From a sustainability perspective, Clark isn’t convinced that farming salmon is the solution. “The beauty of wild Pacific salmon is that this high-quality, super healthy food source, this protein, for its entire life it will take care of itself,” he says.
“It will reproduce by itself, find its way to the breeding grounds by itself, fatten itself up. And it will come home to the exact spot in the river it was born. We harvest it at the river’s mouth, so now we have a nutrient-rich protein on the table. To get a farmed salmon on that same table, you have to use a tremendous amount of carbon.”

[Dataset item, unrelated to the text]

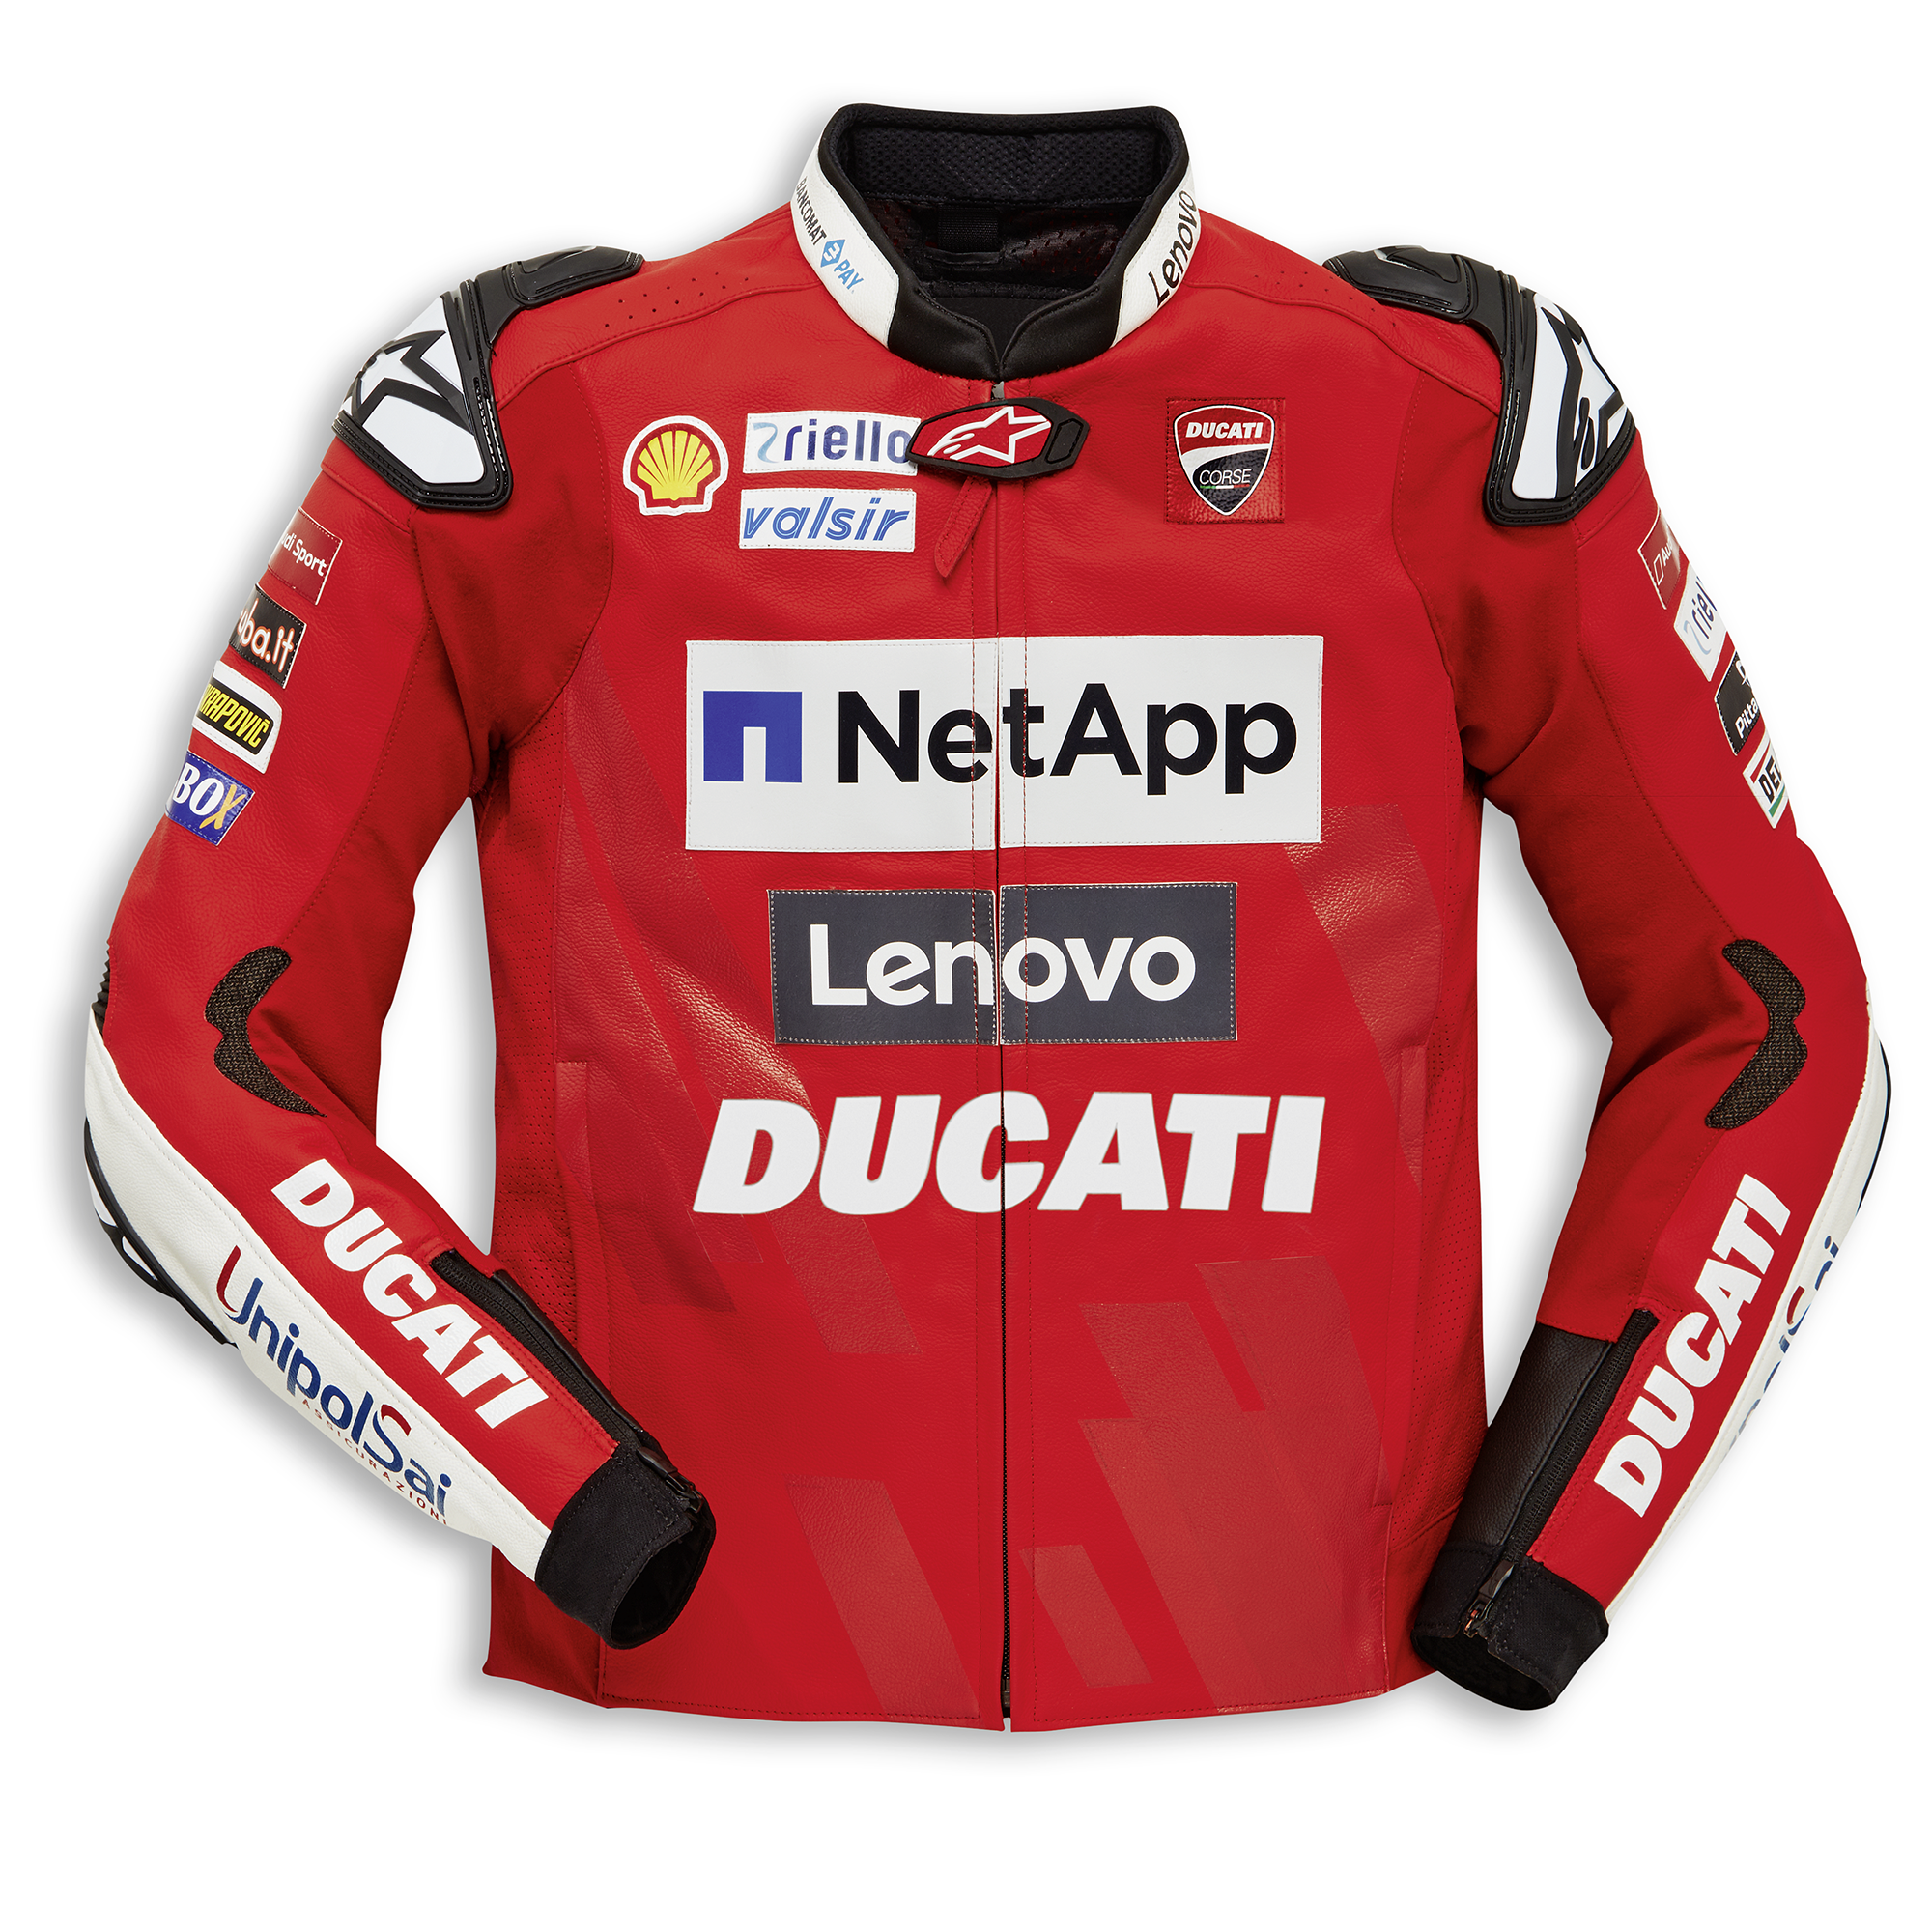 Replica Ducati Team 19 - Leather jacket 9810712
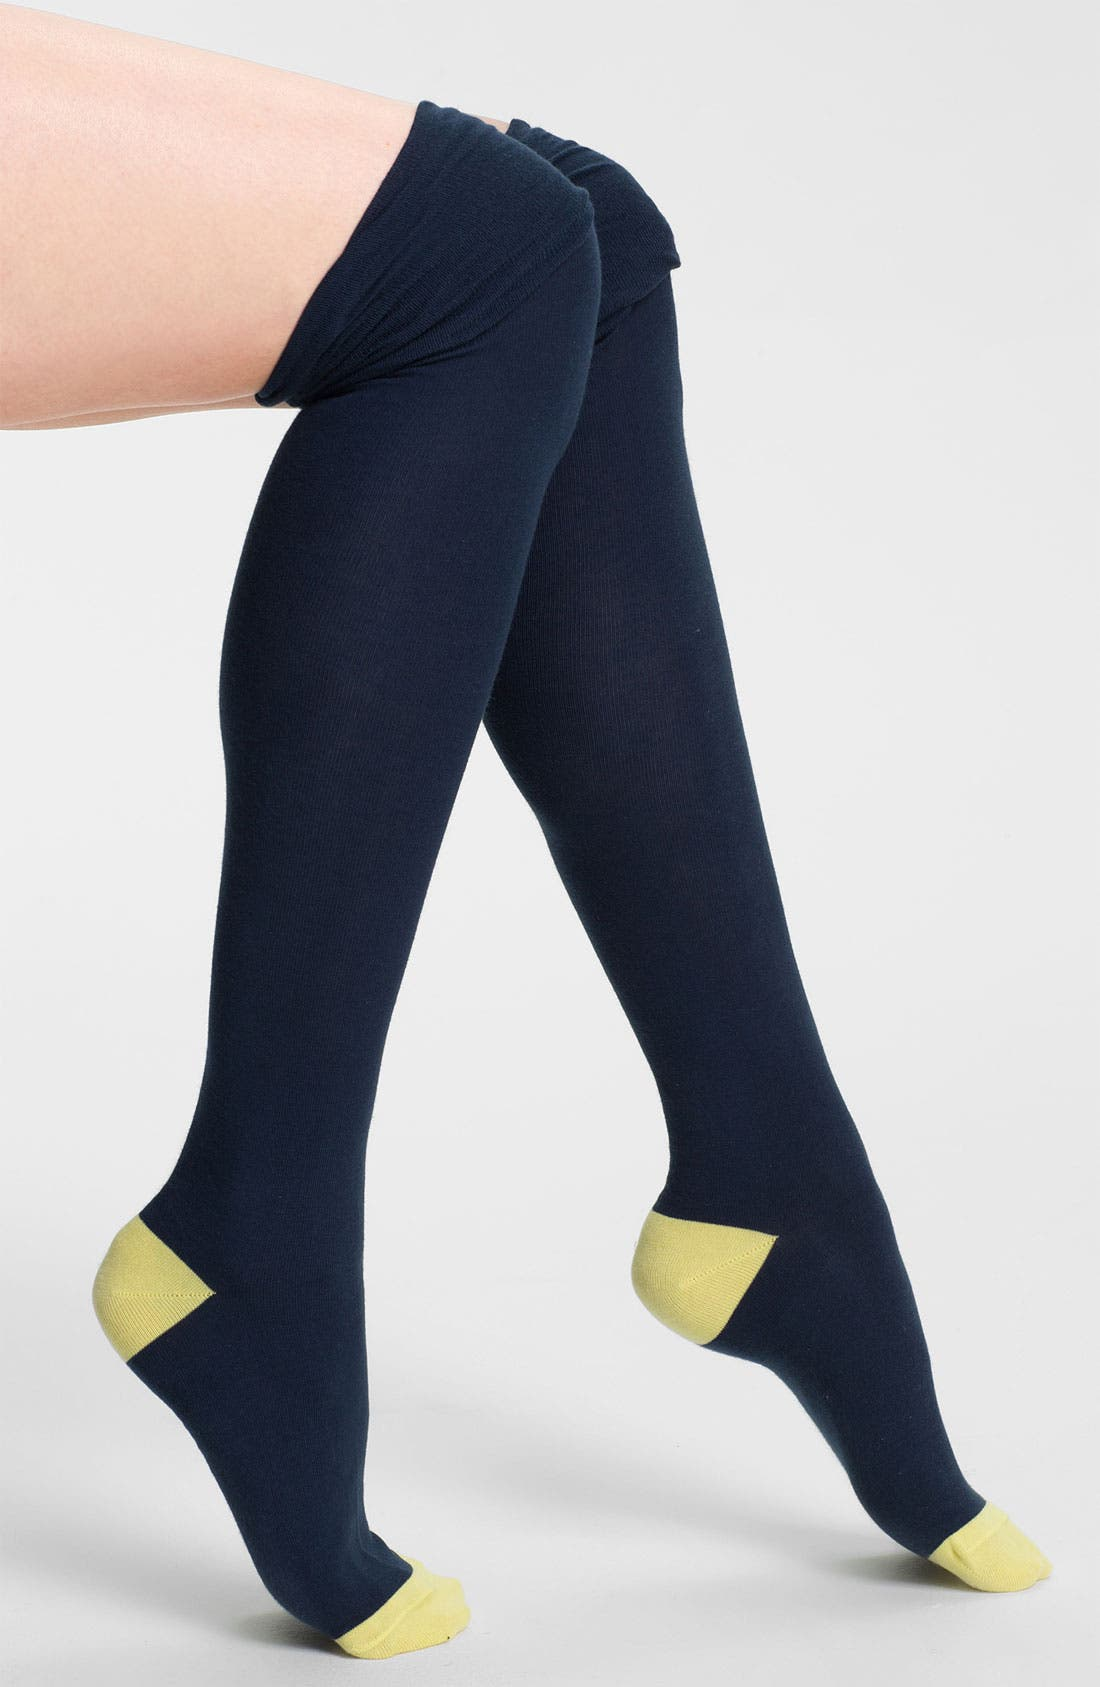 Main Image - Nordstrom 'Tip Top' Over the Knee Socks

There’s also the oft-used argument that, for every farmed salmon eaten, a wild salmon is saved. Clark does not like that angle. “Nothing could be further from the truth, because the two are not connected,” he says, pointing out that scientists working for Fisheries and Oceans Canada determine how much wild salmon can be taken sustainably, based on current science and volume of the salmon runs. “We’re not taking any more than what’s considered sustainable. But that salmon is going to be taken from the wild either way.”
Bell argues that he bases his decisions on science as well: “It’s my belief that if we lay off certain runs for a year or two—or even 10—they can recover. Wild salmon is incredibly resilient, but we can’t keep hammering it forever. Let’s not forget the cod fishery collapse of the ’90s, decades in the making, that devastated communities up and down the east coast. I don’t want to repeat that here in B.C.”
There are also the non-humans that need to be fed. “My goal is to leave enough fish in the ocean so that the entire ecosystem thrives,” Bell says. “And the other species that need wild salmon to survive, like eagles, whales, bears and trees, are able to thrive. Salmon is an extremely important keystone species. You take salmon out of the ecosystem and it collapses.”
What’s clear is that the argument that has engulfed the industry for years is going to be presented to the consumer for them to decide on. And no, I won’t tell you how I answered the sushi place. That’s a call you’ll have to make for yourself.